El mundo está siendo arruinado por el pragmatismo, ese burdo pensamiento destructor del gran edificio donde fueron enunciados los valores, de Platón a Kant, que han hecho del mundo una realidad trascendente, una moral responsable y una convivencia llena de alma, aunque muchas veces sea alma atormentada, que blasfema de la suprema realidad del amor que insemina la convivencia. He empleado el término naïf de amor –que ahora, como mucho, es simplemente sexo mal ejercido– porque en él confluyen realidades como paz, justicia, libertad, colaboración, igualdad y otros propósitos con los que se abasteció el espíritu entregado a un ser ya en pie que, al margen de su evolución bioquímica, se preguntaba desde el primer minuto sobre el misterio del sol, del día y de la noche. Notar el dedo del Espíritu como una herencia inteligente que no han elaborado seres unicelulares reviste de grandeza al espécimen humano. Le obliga a remontarse sobre el azar y la necesidad.

Estoy manifestándome como un pragmático disidente que invierte los términos de la cuestión: no creo que lo útil sea lo bueno –como dice James cuando subraya que «la verdad es la utilidad y que una creencia verdadera es aquella que nos reporta algo que queremos»– sino que lo bueno es lo útil. Pero la utilidad ha de medirse en términos de permanencia y de masas. Esto último lo vienen sosteniendo ya los más razonables pragmáticos, al menos en su dimensión de permanencia, y con su exigencia de que lo útil ha de someterse a esa justificación. Yo también creo tal cosa, pero rellenando tal creencia con un colectivismo impregnado de dignidad común.

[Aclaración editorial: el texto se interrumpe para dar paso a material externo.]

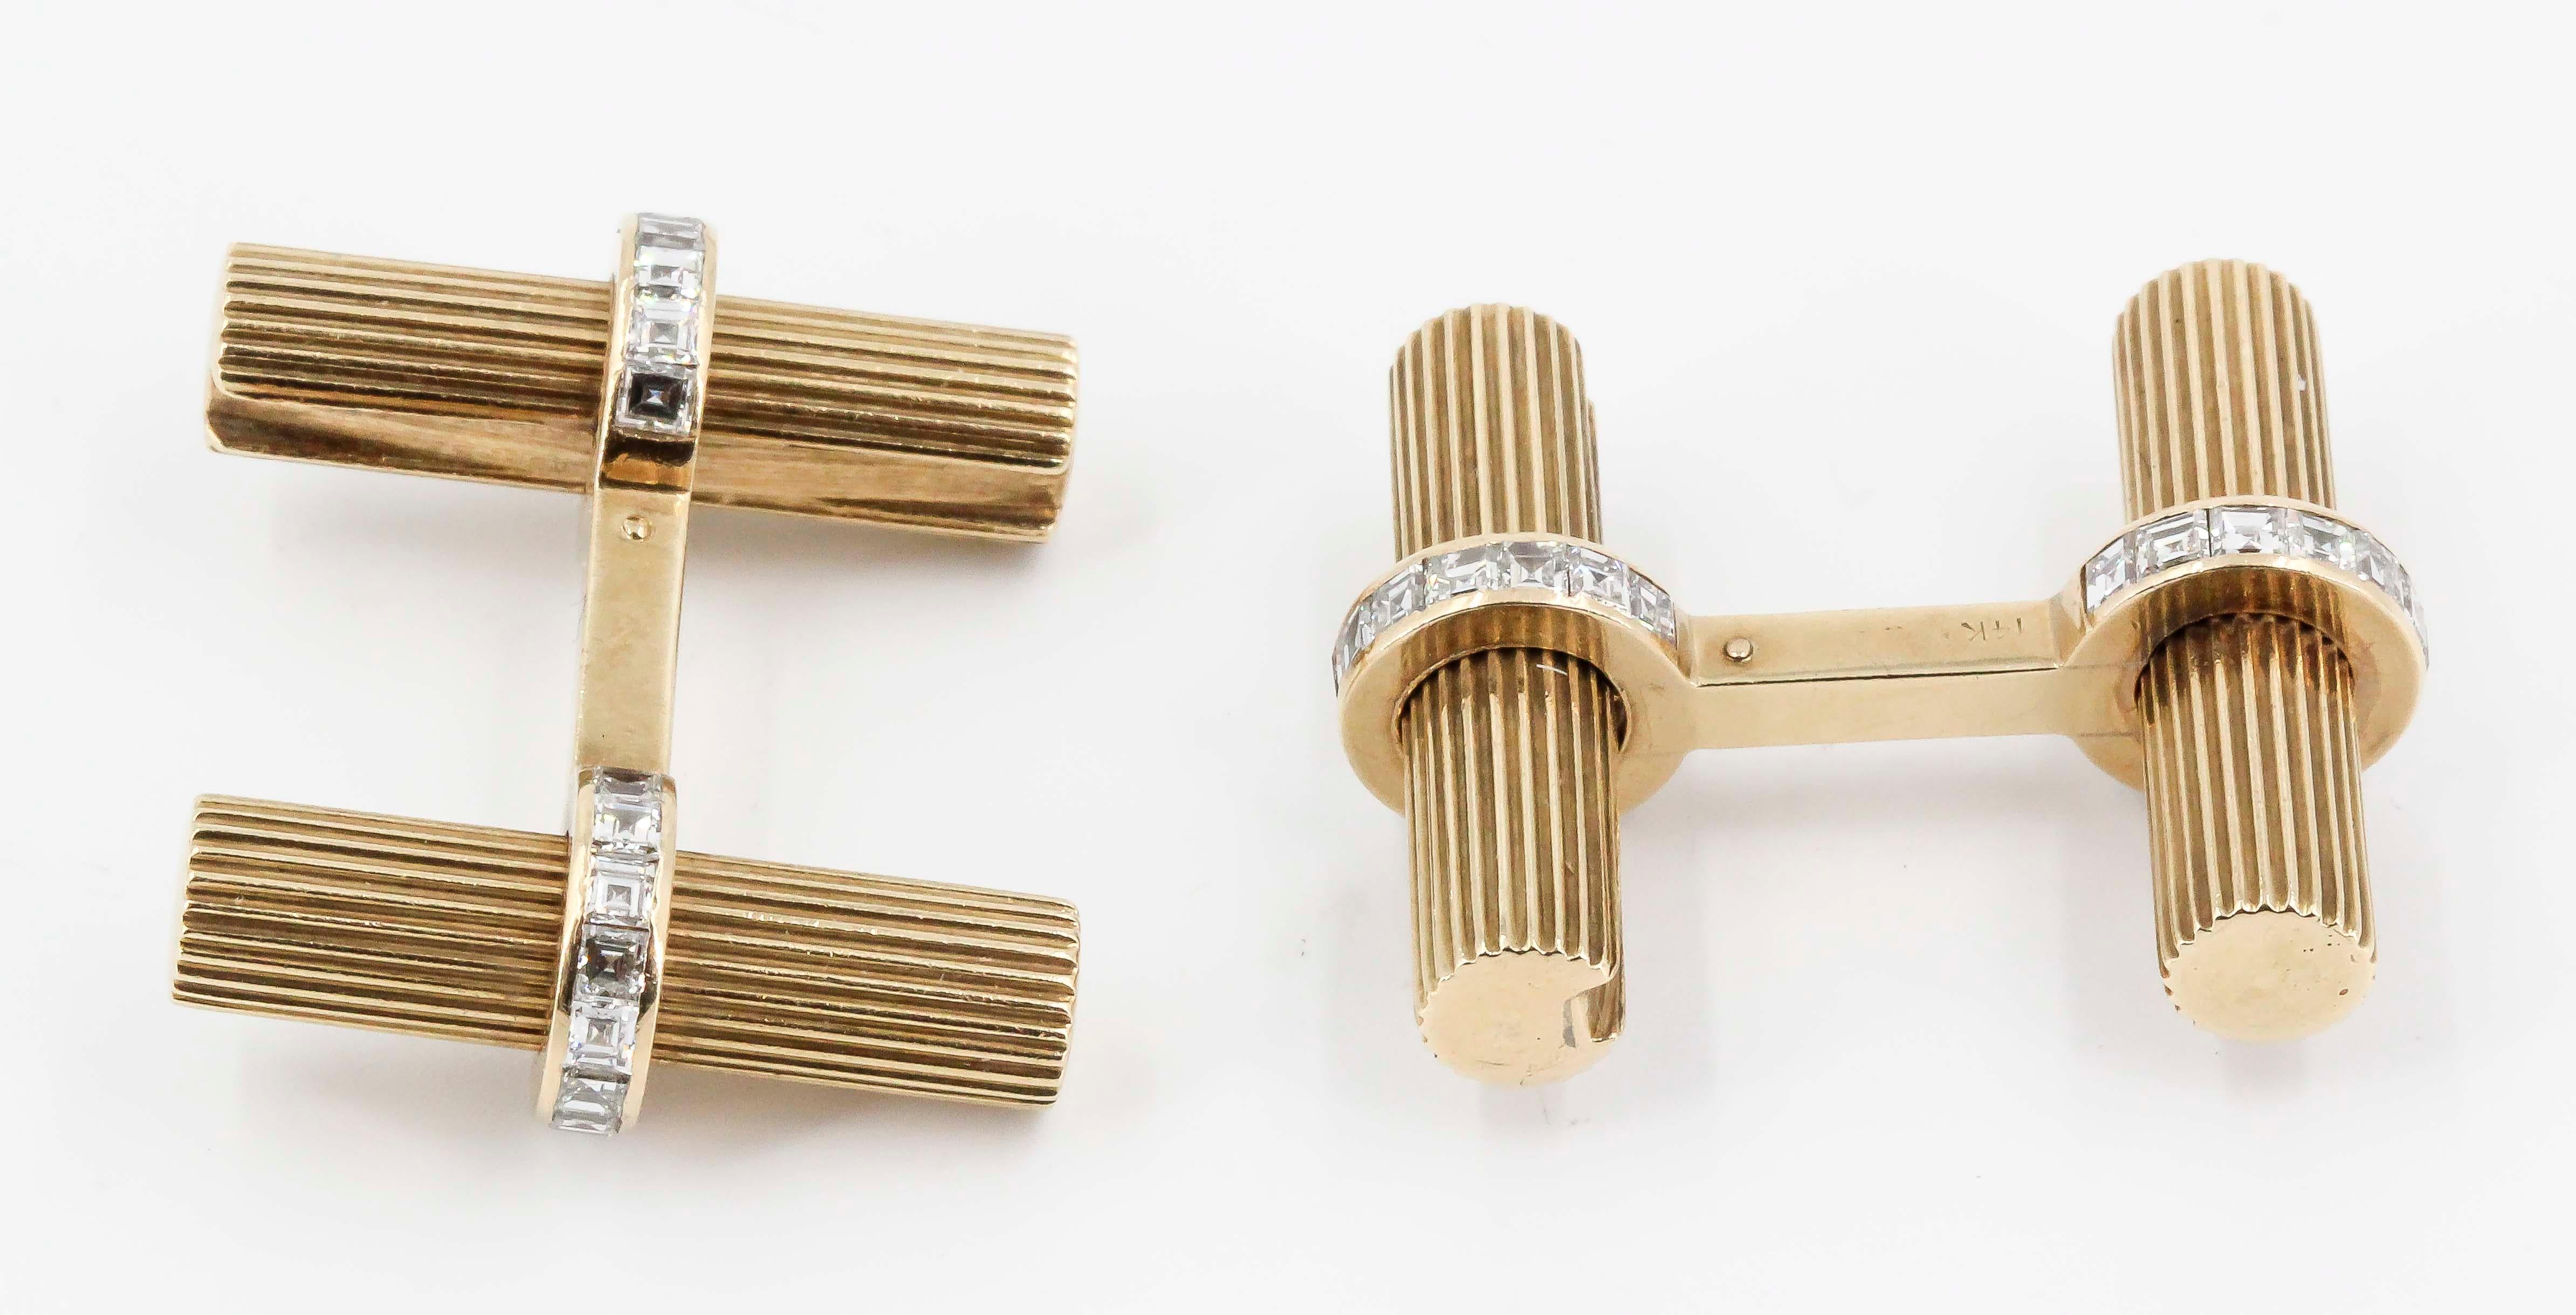 Handsome 14K yellow gold and diamond bar cufflinks and tie bar set by Cartier, circa 1950s. They feature high grade square cut diamonds, approx. 1.50 cts total weight. Cufflinks are 1

En lo colectivo está el supremo bien, cuando es un bien de todos proyectado desde el «todo».

En fin, esto dicho con urgencia y escasez, es lo que me ha sugerido el encuentro en el Walt Disney de la pareja que apoya con armas y bancos que lo «útil», es decir, la riqueza selectiva, es lo bueno. Solamente una pregunta final: ¿Para quién?